Financial institutions are looking to develop strategies for growing their portfolios. Each institution has different goals and various appetites for risk. Risk comes in all shapes and sizes, such as credit risk, liquidity risk, market risk, and operational risk. Of the different types of risk, credit risk is widely considered the most critical type of risk. Credit risk arises for a multitude of reasons, from poor cash flow to a sudden change in market condition. In order for an institution to develop an approach that will permit it to grow in a safe, sustainable manner, it must first determine how to manage its credit concentrations to mitigate risk.
When an institution is determining its strategies for growing its loan portfolio, it must first determine how to manage its credit concentrations and mitigate risk.
How to define credit concentrations?
First and foremost, a financial institution must define what a concentration is for its portfolio before it can successfully manage the concentration. Regulatory guidance indicates that intuitions should consider concentrations as pools of loans that may perform similarly because of common characteristics or sensitivities, especially when those pools are 25 percent capital. What this means is that financial institutions need to consider not just those concentrations that may be explicitly defined by regulators (for example, CRE limits at 300 percent of capital) but also those that are unique to their institution. It is important for the institution to consider not just the level of concentration but also the risk it poses to their financial position. For example, a concentration may not require extensive monitoring even at 25 percent of capital if the underlying risk of loss and volatility of that concentration is low.

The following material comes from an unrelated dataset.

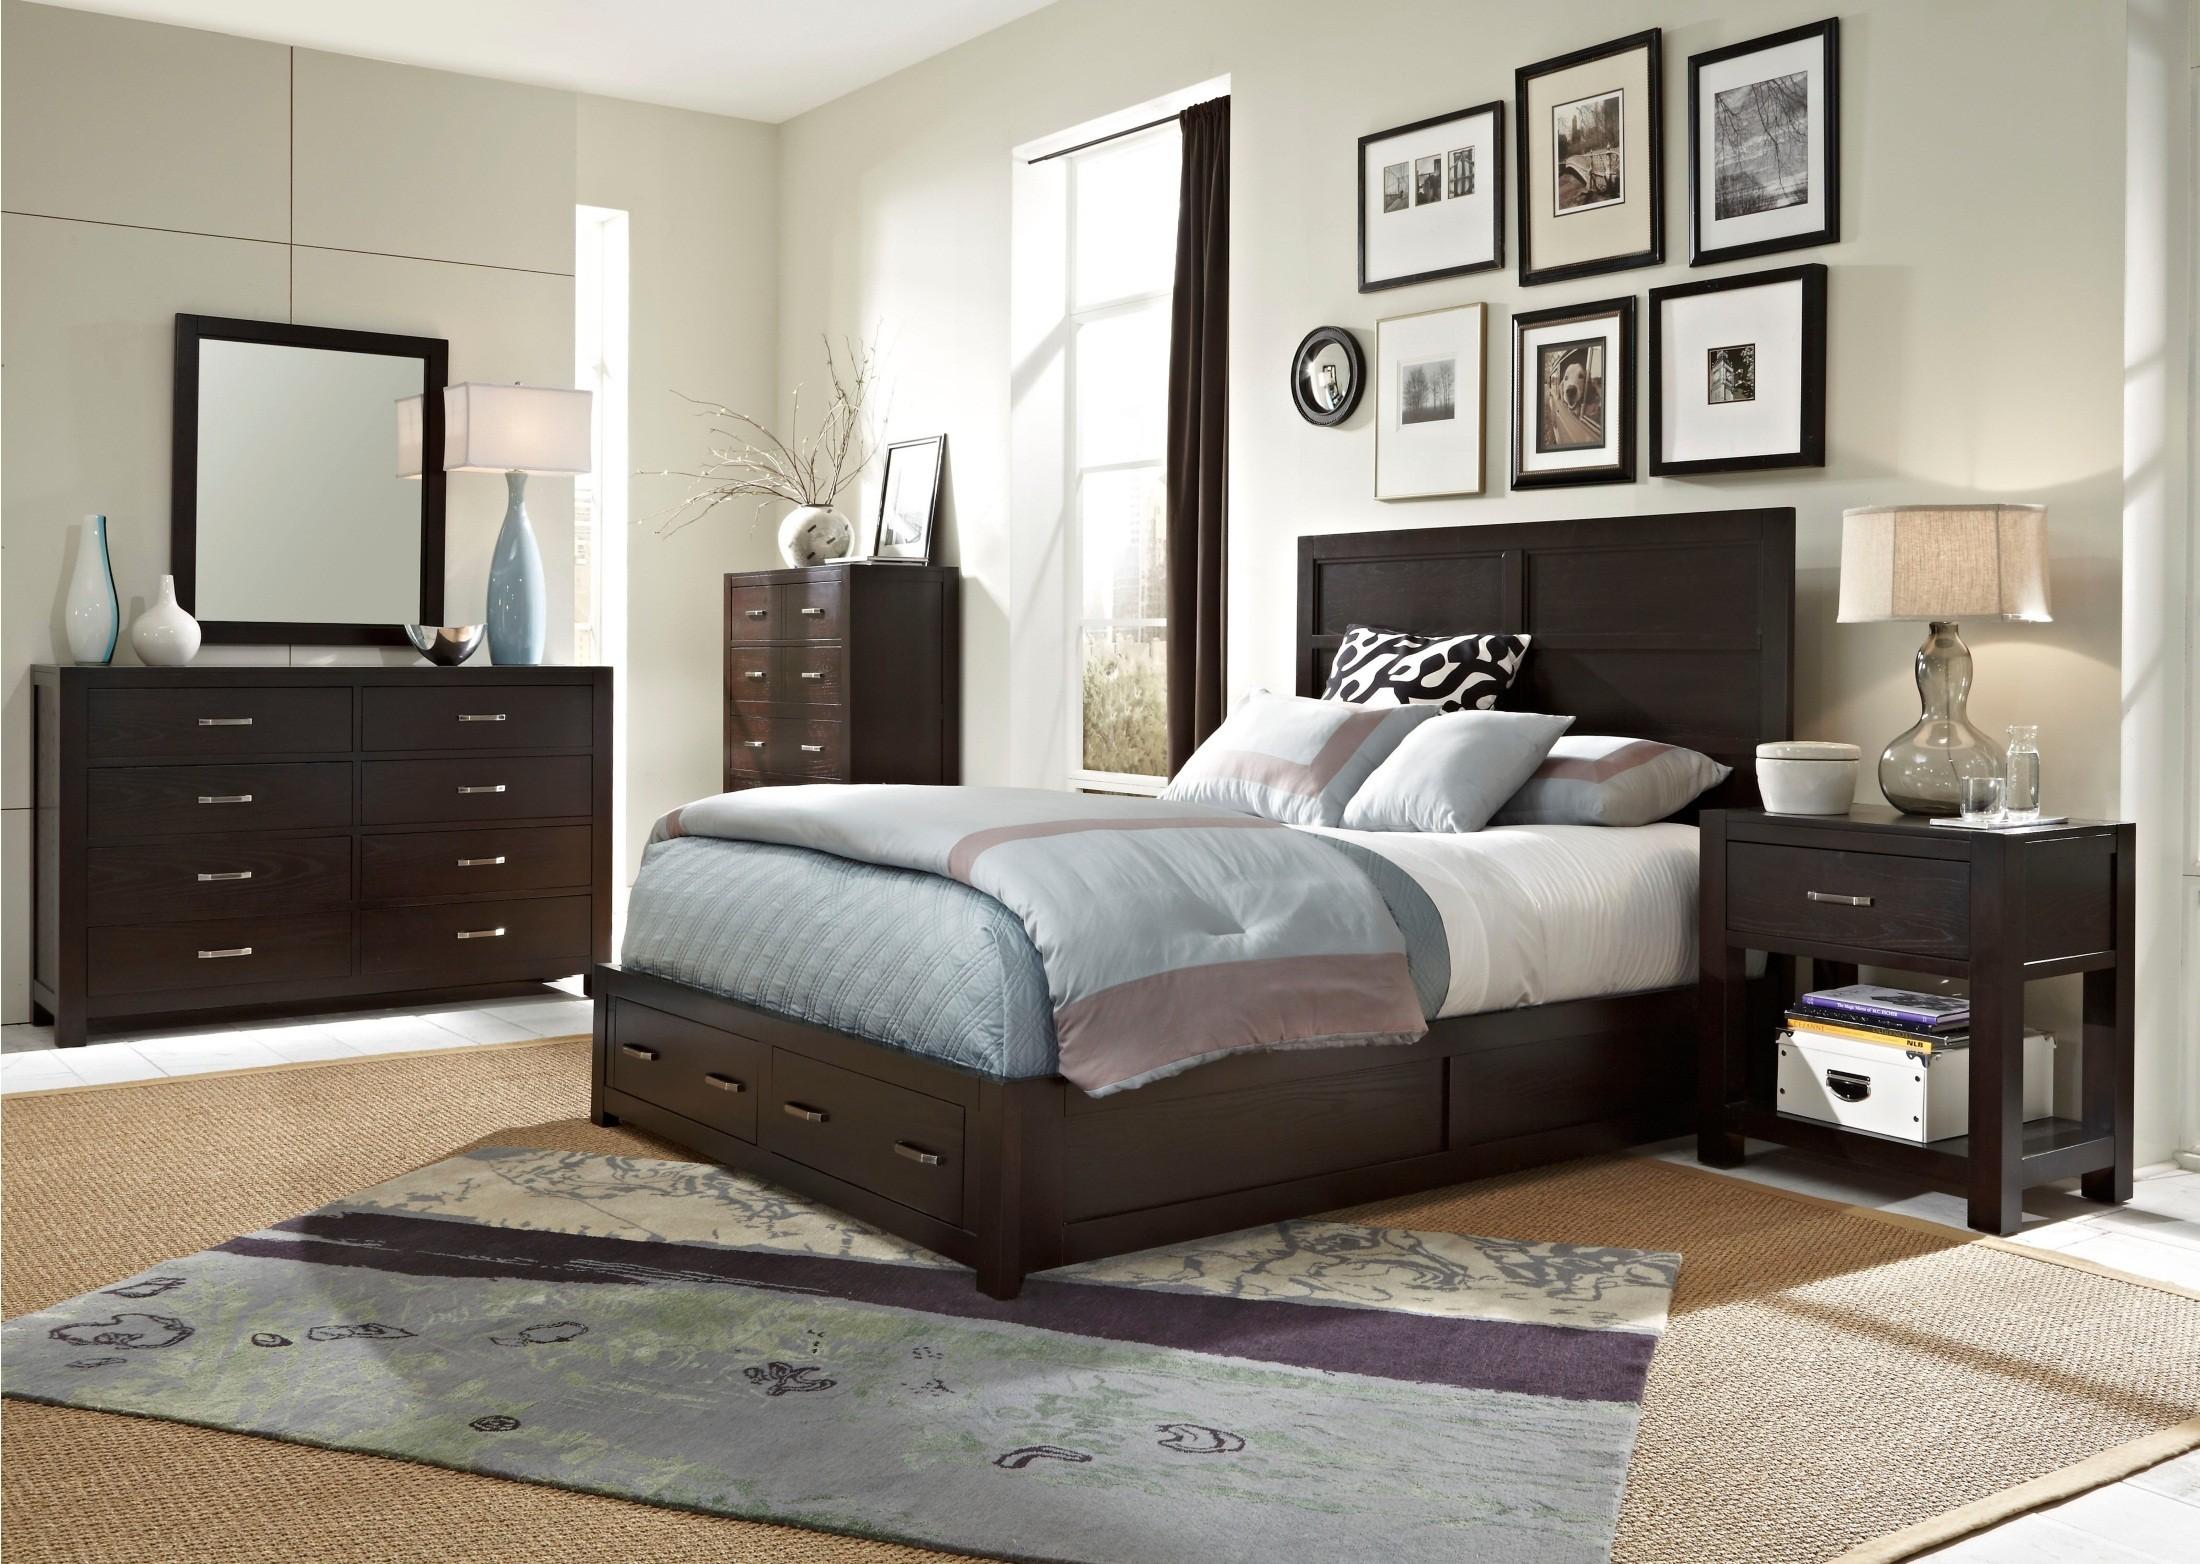 Primo Vista Panel Storage Bedroom Set from Broyhill 4453

An example of this expanded view can be seen in the oil and gas (O&G) market. In recent years, this market has been particularly volatile. In July 2016, the FDIC issued a supervisory letter urging financial institutions with exposure to this industry to not only consider their direct exposure to companies engaged in O&G exploration and production but also indirect exposure that might be impacted when oil prices decline again.
How to control exposure?
Credit exposure refers to the total amount that an institution loses if the borrower defaults, which can vary in magnitude. The first step to controlling exposure is by defining concentrations in credit policy and placing limits as a percentage of capital or as a percentage of the loan portfolio. These definitions should take the defined pool’s risk characteristics into consideration. For instance, defined pools such as CRE would have a higher concentration limit than a more narrowly-defined pool, like construction loans. The second step is to use underwriting guidelines to encourage or discourage certain loans at origination. For example, an institution located in Kansas may increase the debt service coverage it requires for new loans to wheat-related borrowers as it nears its stated limit on exposure to wheat.